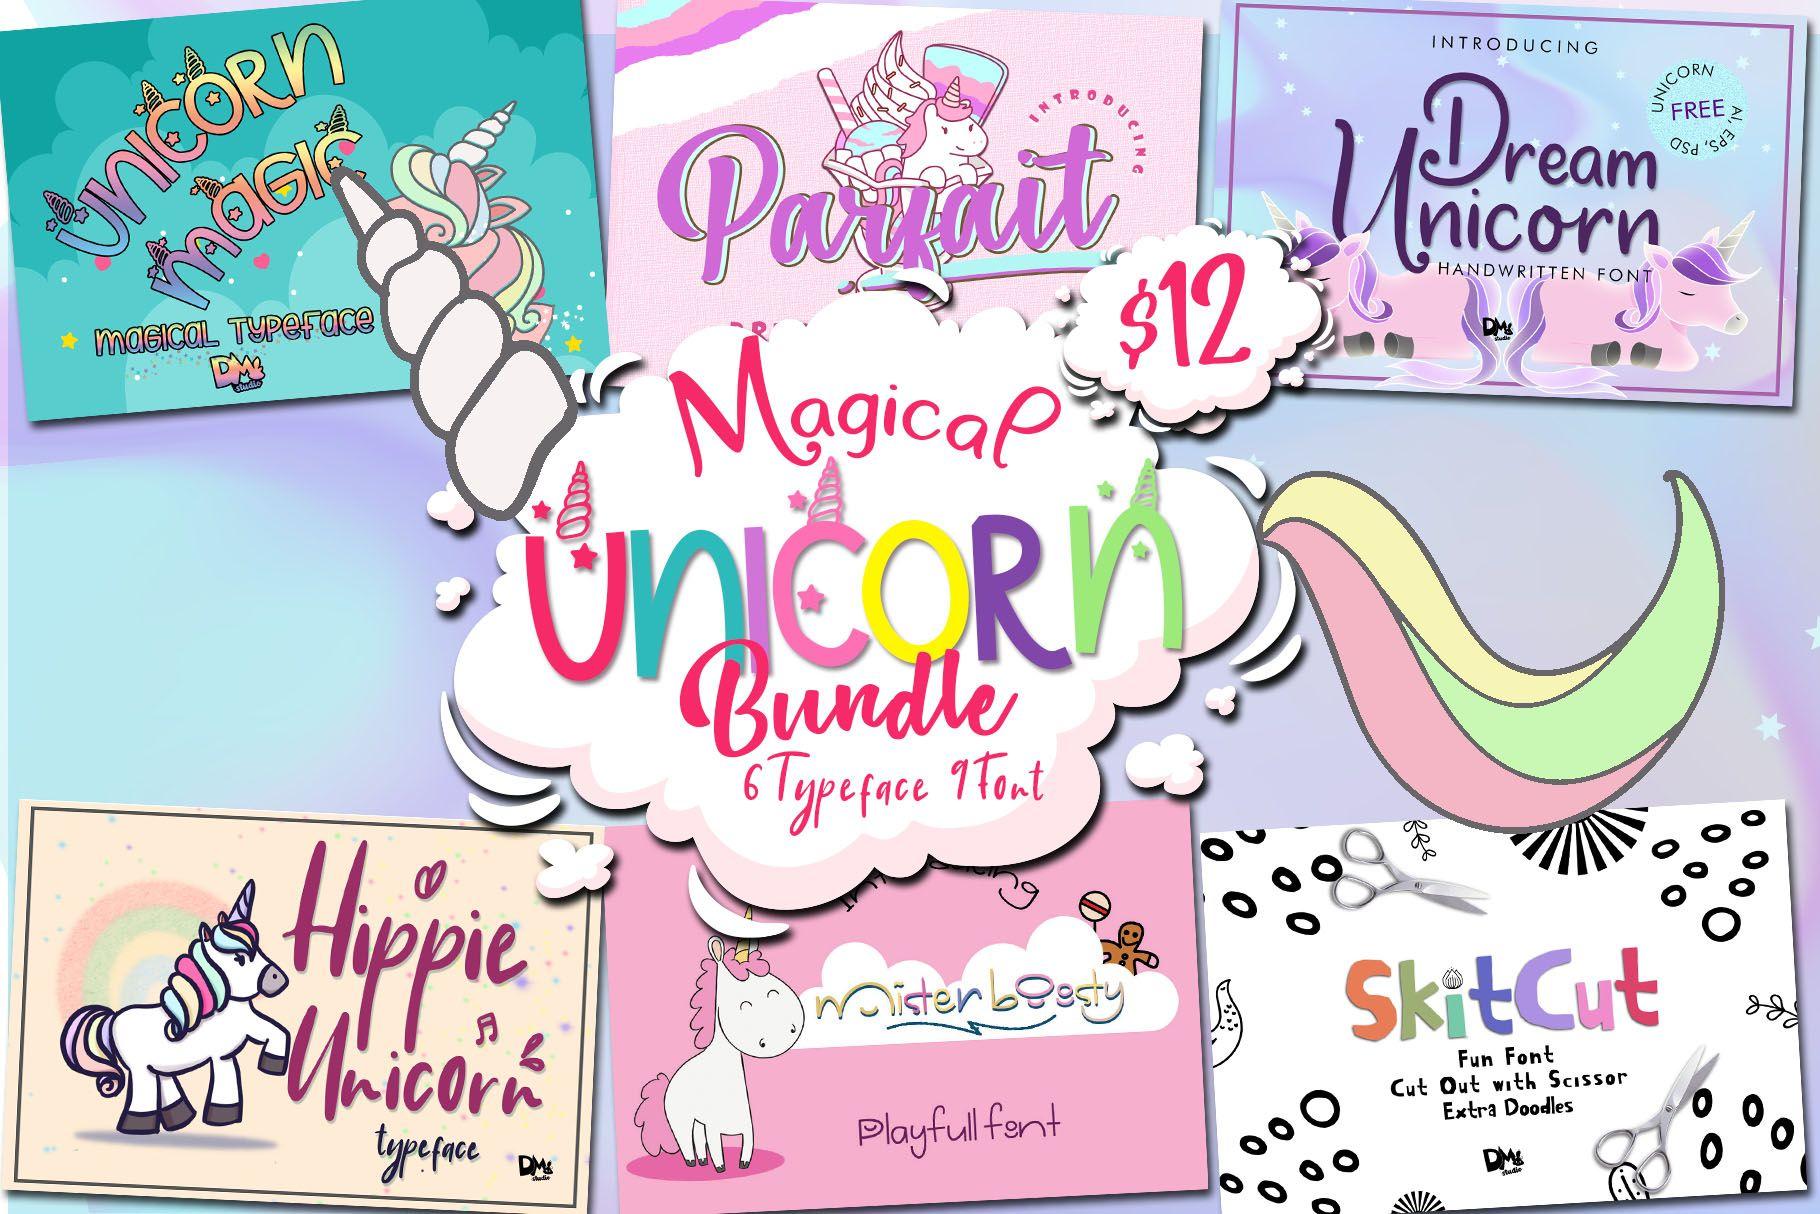 Magical Unicorn Bundle (With images) Christmas fonts
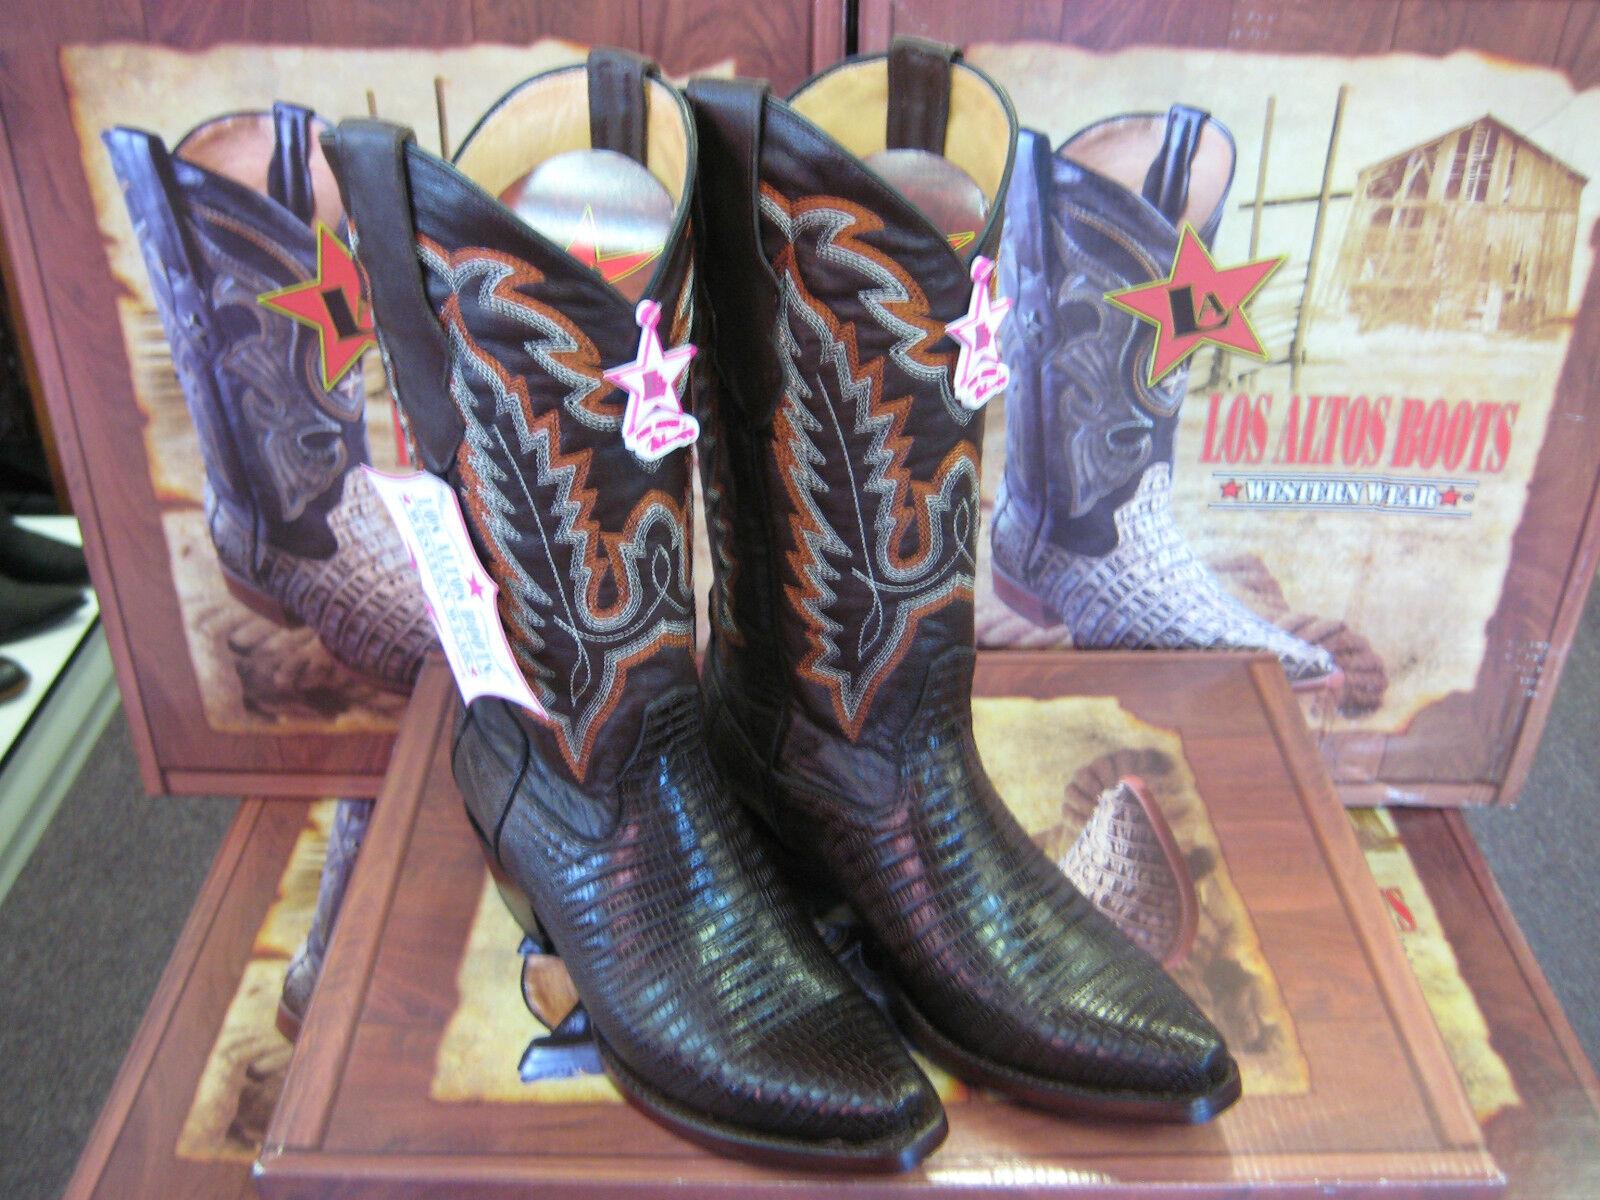 LOS ALTOS WOMEN BROWN GENUINE TEJU LIZARD SNIP TOE WESTERN WESTERN WESTERN COWBOY BOOT 340707 763364
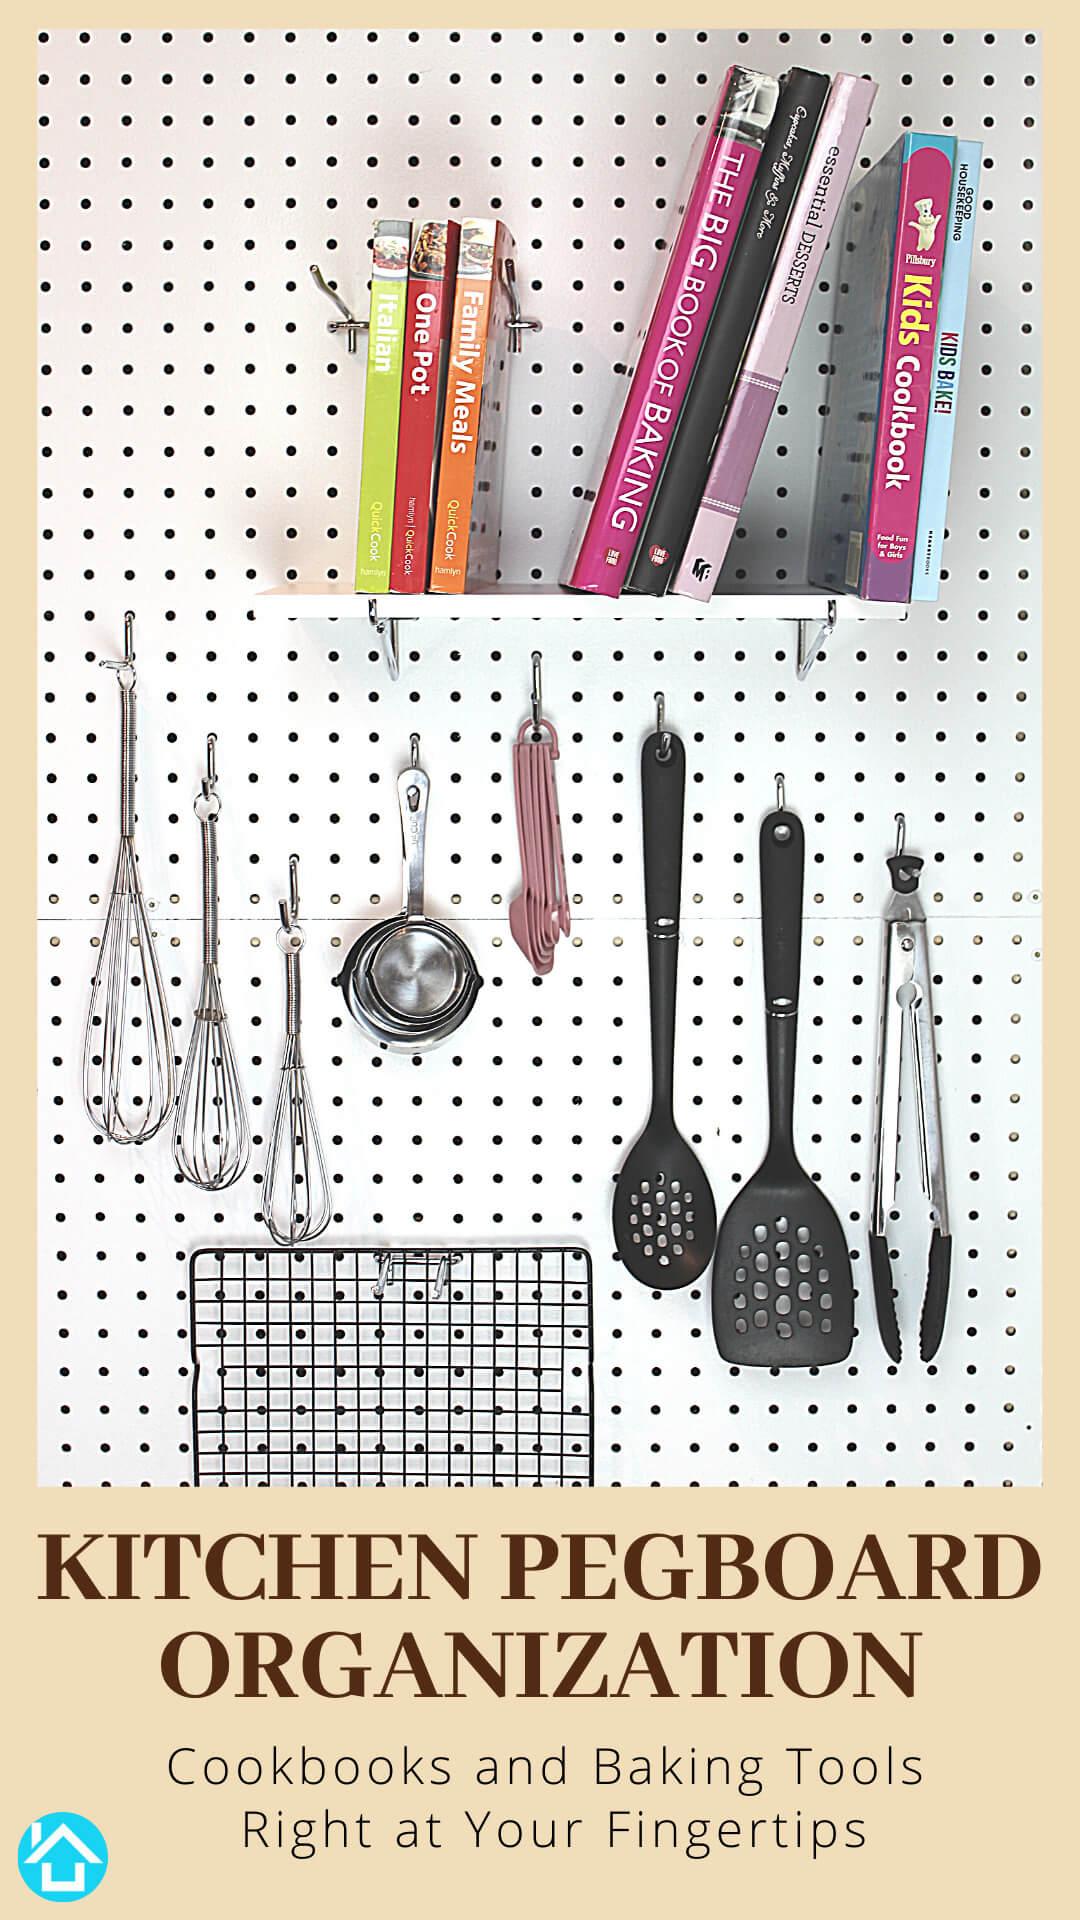 Pegboard Shelf for Cookbooks

- Problem description -
Only the lines from the line with "LOS ALTOS WOMEN" to the bottom of the material above should be reproduced, exactly and without pictures.

- Exercise answer -
 LOS ALTOS WOMEN BROWN GENUINE TEJU LIZARD SNIP TOE WESTERN WESTERN WESTERN COWBOY BOOT 340707 763364
 Pegboard Shelf for Cookbooks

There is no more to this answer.